Let’s stop and think about how normalized Christian Spiritual Violence is in the Greater Grand Rapids area. Here is a short list of the ways in which it is practiced:

  • Most of the Christian Churches in West Michigan are not welcoming to the LGBTQ community.
  • Most Christian Churches in West Michigan do not actively oppose White Supremacy.
  • Most Christian Churches in this area have not resisted US Wars, nor are they opposed to US militarism.
  • Most Christian Churches do not oppose the Prison Industrial Complex, which disproportionately impact black and brown communities.
  • Most Christian Churches embrace some form of charity, but do not condemn the economic system of capitalism.
  • Most Christian Churches in West Michigan do not practice the biblical imperative of welcoming immigrants to this community, especially those who are undocumented.
  • Most Christian Churches are silent on domestic violence, sexual assault and rape.
  • Most Christian Churches in West Michigan are complicit in ongoing environmental destruction and climate change.
  • Most Christian Churches in West Michigan are not involved in promoting housing justice, offering hospitality to those who face eviction, those who cannot afford the cost of rent and those who are homeless.

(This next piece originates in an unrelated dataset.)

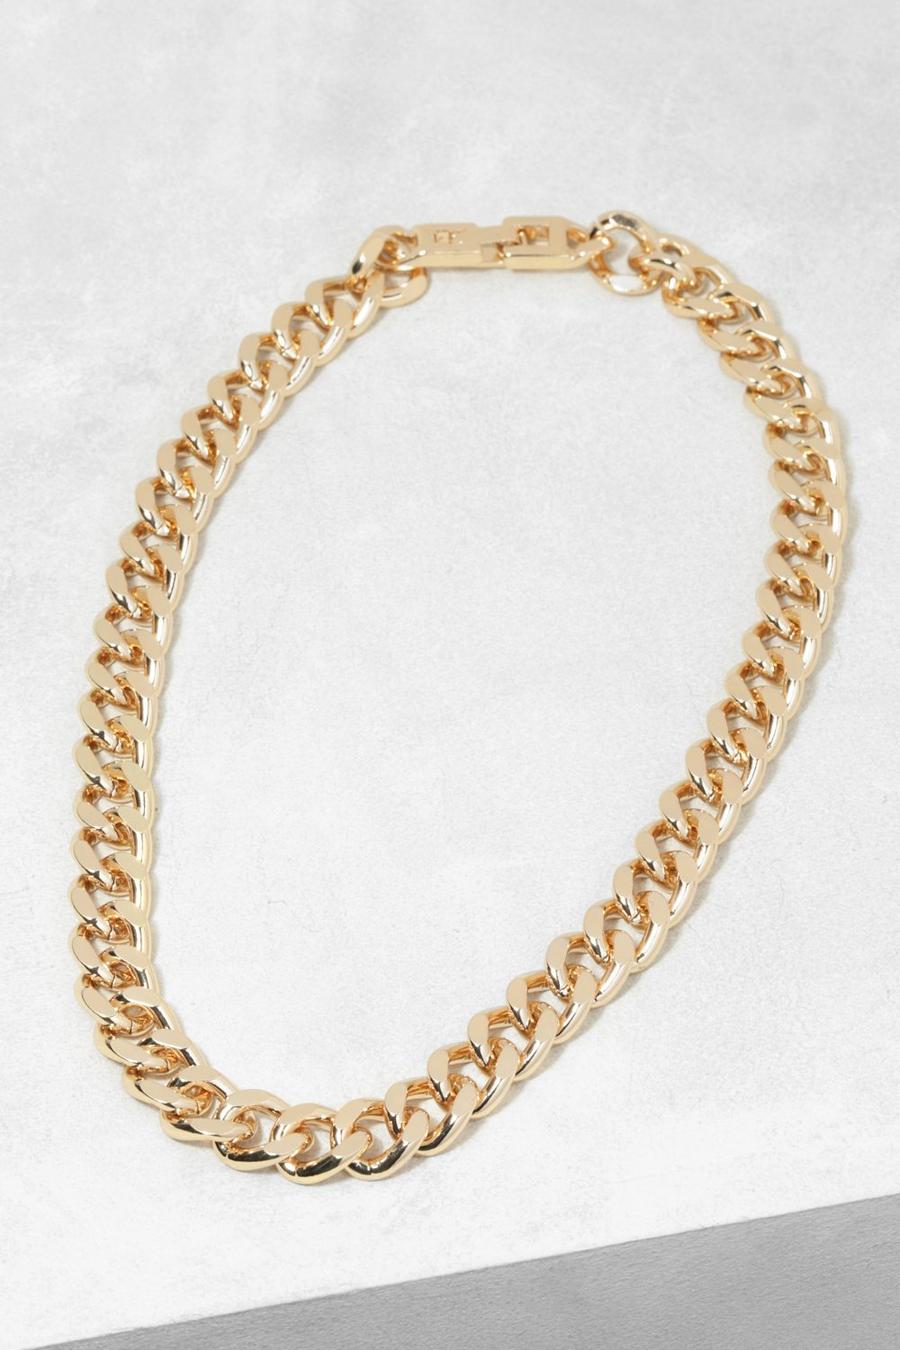 זהב שרשרת עם חוליות עבות במיוחד עם קצה משולב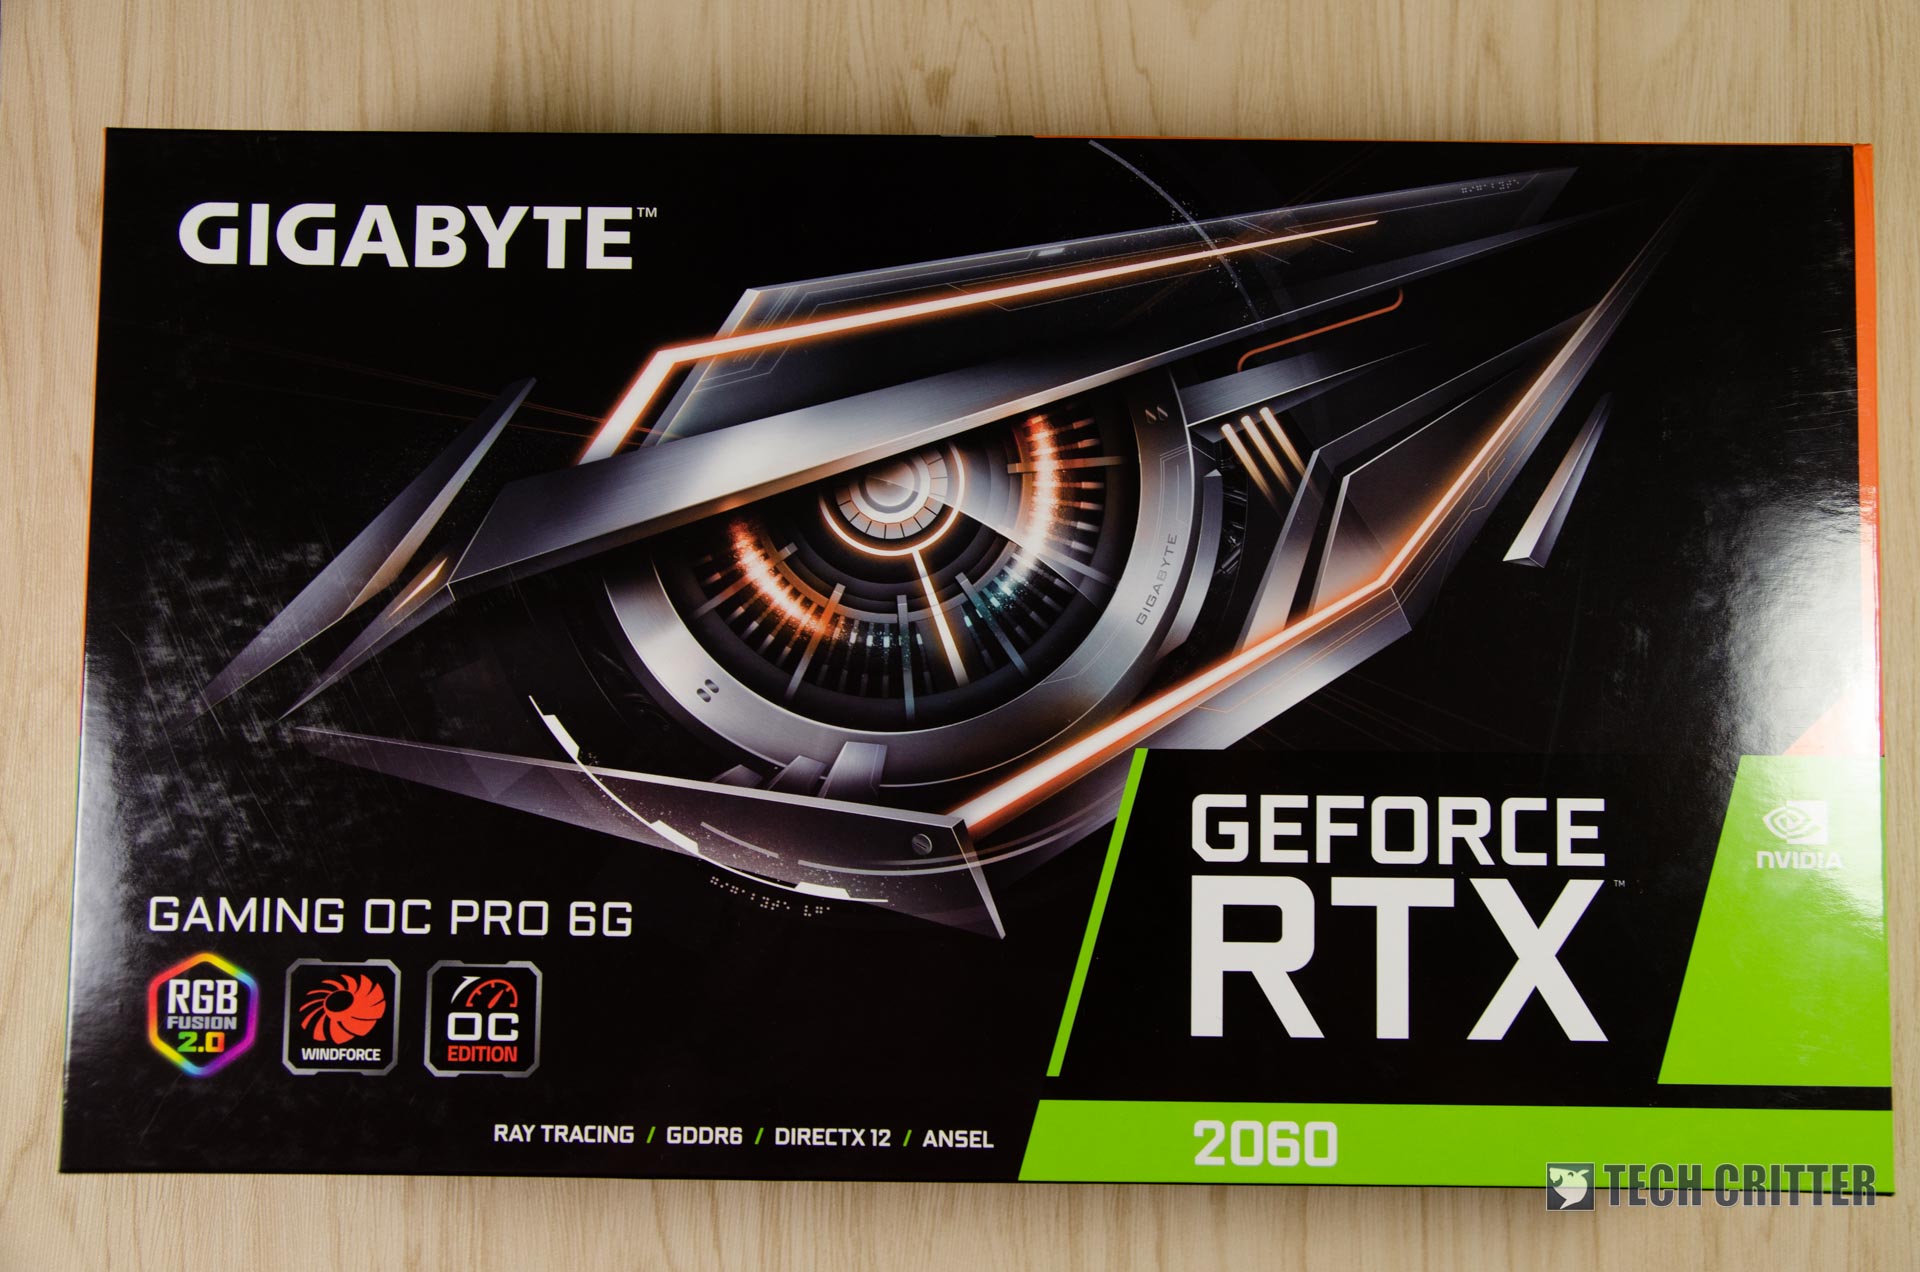 Gigabyte GeForce RTX 2060 Gaming OC Pro - 01

Another problem with thinking that the people who protested the drag show at Wealthy Theater are just marginalized extremists, is that it takes away our ability to see how institutionalized Christian Spiritual Violence is in this community. Think about the influence of the most powerful families in West Michigan, what I have identified as the Grand Rapids Power Structure – DeVos, Van Andel, Kennedy, Secchia, Jandernoa, etc. These families overtly identify with a Christian denomination, some CRC and some Catholic. They all have contributed millions to the Republican Party, which means they support policies that do tremendous harm to communities of color, working class families and the LGBT community. At the same time, they all have foundations that providing funding to non-profit organizations that promote charity or serve individual family needs. What we rarely see is any criticism of the fact that these wealthy families are creating the very inequities that exist, all in the name of God, then turn around and fund programs which are designed to take attention away from these inequities, so we don’t see these wealthy families as major contributors to harm (spiritual violence).

Then there are entities like the Grand Rapids-based Acton Institute, which has global reach within the Catholic community, which provides theological justification for the same kinds of policies that the Grand Rapids Power Structure promotes. In a sense, the Acton Institute acts as an apologist for those within the local power structure to continue to do harm and perpetuate spiritual violence.

What we have are the most powerful families who use Christianity to justify their spiritual violence, which then involves numerous non-profit Christian agencies to acts as a cover for the various types of spiritual violence, justified by groups like Acton Institute, with lots of complicity by the Christian Churches in the area that either take an active role in promoting this process or are silent in the face of all of this.

For anyone who is involved in doing organizing work to challenge systems of power and oppression in West Michigan, it is impossible to effective do this work without acknowledging the role that Christian Churches play in perpetuating the various forms of injustice that plague this area. This is not to say that there are no Christian Churches who do the important work of fighting systems of power and oppression, but they are the exception and not the norm.